Here p is a pointer and an integer is assigned to a pointer and when printed though it is a pointer it is printing the value at the address.

p is a pointer to a char, and an attempt is made to assign it to the char 9 (tab char incidentally). This would make p a pointer to the address 9 in memory which would be a bad thing if you were to attempt to use the pointer.

The about program should give you an error telling you that it can not convert char to char *.

Here again we see that pointer and arrays are closely linked. An array variable is a pointer to the beginning of the the array. The operator [ ] works like an alias for the dereferencing operator *. So Array[i] is the same thing as *(Array + i).

So the line p = (buf + 1)[5] translates to p = *((buf + 1) + 5). Which is the same as p = *(buf+6) which is the same as p = buf[6] (which is why you should get the error because buf[6] is of type char, and p is of type char *.)

This might help:

Instead of showing error, it is printing the value of the corresponding element in the array.A further insight into the problem would be helpful to me.

Ummm... What compiler are you using? And you could you post the output?

That program should not compile correctly (unless I am all wrong). -- AND I am wrong, the program compiles just fine when I select C rather than C++.
instead it gives me a warning:
warning C4047: '=' : 'char *' differs in levels of indirection from 'char '

The program should print out '9'.

Now keep in mind that '9' is an address, not a value.
For example the program produces the output:
p = 9, buf[6] = 9, &buf[6] = 1245046
I cannot print out *p since the program does not have rights to access this area of memory, but if I could the chances are it would not be 9.

again (buf+1)[5] is the same thing as *((buf+1)+5) = *(buf+6) = buf[6] and buf[6] is a char, not a char *. If your compiler made p == &buf[6] then you should get another compiler because yours is broken (well non-standard really).

i am using gcc compiler and the output is 9

I still dont understand u saying that it prints 9 and it is an address...how do that 9 comes into picture

buf[6] = 9. It is an char whose numeric value is 9 (so it is the tab character).

buf is a pointer to the character buf[0]. (buf+1) is a pointer to the character buf[1].

The operator [] is equivalent to a dereference of an offset. So buf[x] equivalent to *(buf+x).

if you don't believe me on this: try using the notation x[buf], for example 6[buf] == 9 because *(6+buf) = *(buf+6) = buf[6] = 9.

So the notation (buf+1)[x] becomes *((buf+1)+x), which is equivalent to *(buf+(x+1)), which is equivalent to buf[x+1]. So (buf+1)[5] is the same thing as writing buf[1+5] which is the same thing as buf[6].

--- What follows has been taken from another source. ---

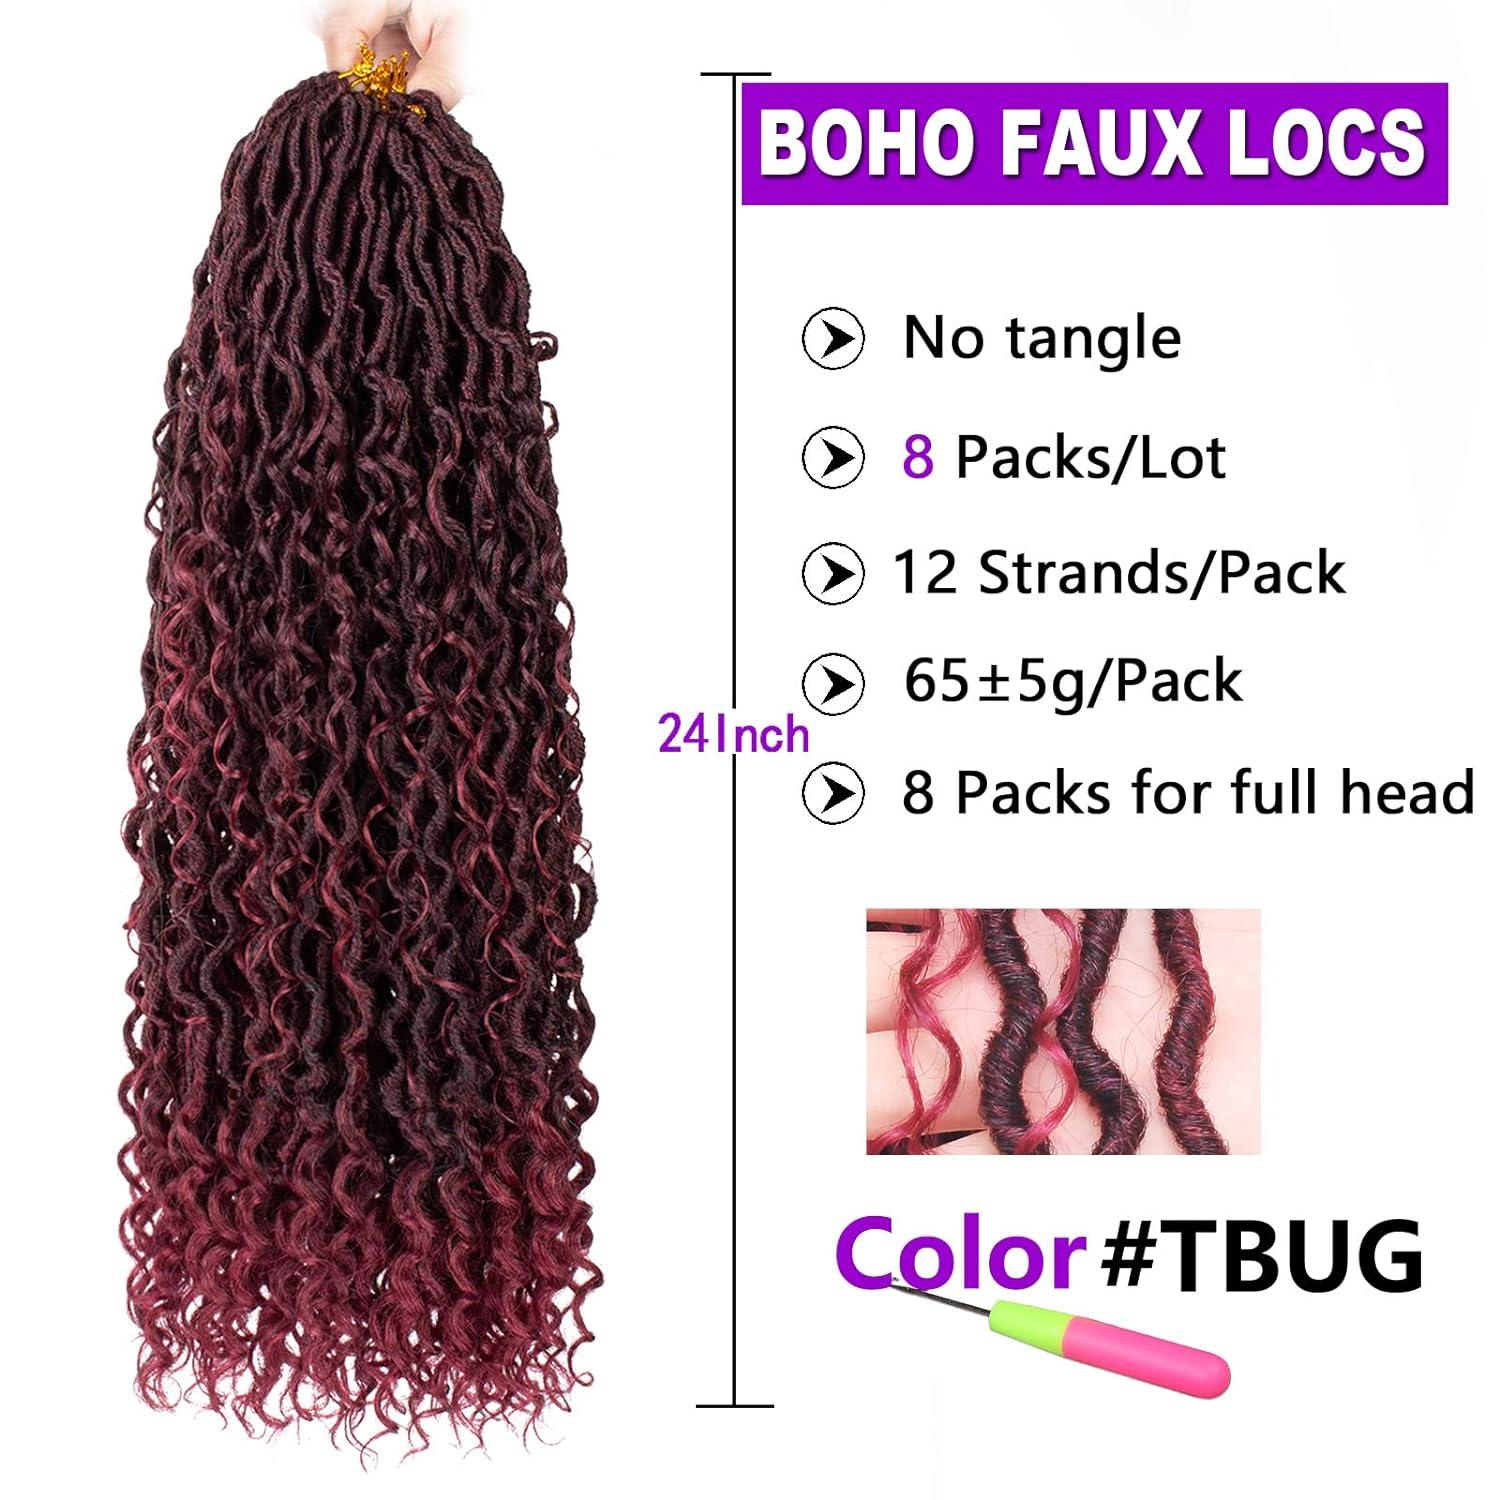 ZRQ 8 Packs Burgundy Goddess Locs Crochet Hair 24 Inch Ombre Boho Faux Locs  Pre Looped Hipple Locs Curly Soft Locs Red River Locs Hair Extensions Tbug  24 Inch (Pack of 8) TBUG

So p = (buf+1)[5]; is the same thing as writing p = buf[6]; Since buf[6]==9, this means that p==9.

Now the important thing to remember is that buf[6] is a value. p is a pointer. So if p=9 then p is a pointer that points to the address 9, and the VALUE *p is equal to whatever is stored at that address.

So when p prints out as the number 9, you have to remember that p is not an integer, it is a pointer. a pointer points to something. It is the address of something. If p=1 then p points to the first byte in the computers memory (well technically the first byte in the current memory scheme -- and assuming that a char is 1 byte). If p=10 then p points to the 10'th byte. If p = 1024 than p points to the second kilobyte. Etc.

Lets say we left p=(buf+1)[5]; then we asked the computer to print out p[buf-9+i] where i went from 0 to 7.

well p[buf-9+i] = *(p+buf-9+i) = *(9+buf-9+i) = *(buf+ (9-9) +i) = *(buf+i)=buf[i]



so we would expect (and indeed we will see) the output of the program to be:
1, 2, 3, 4, 5, 6, 9, 8 which is indeed the original array.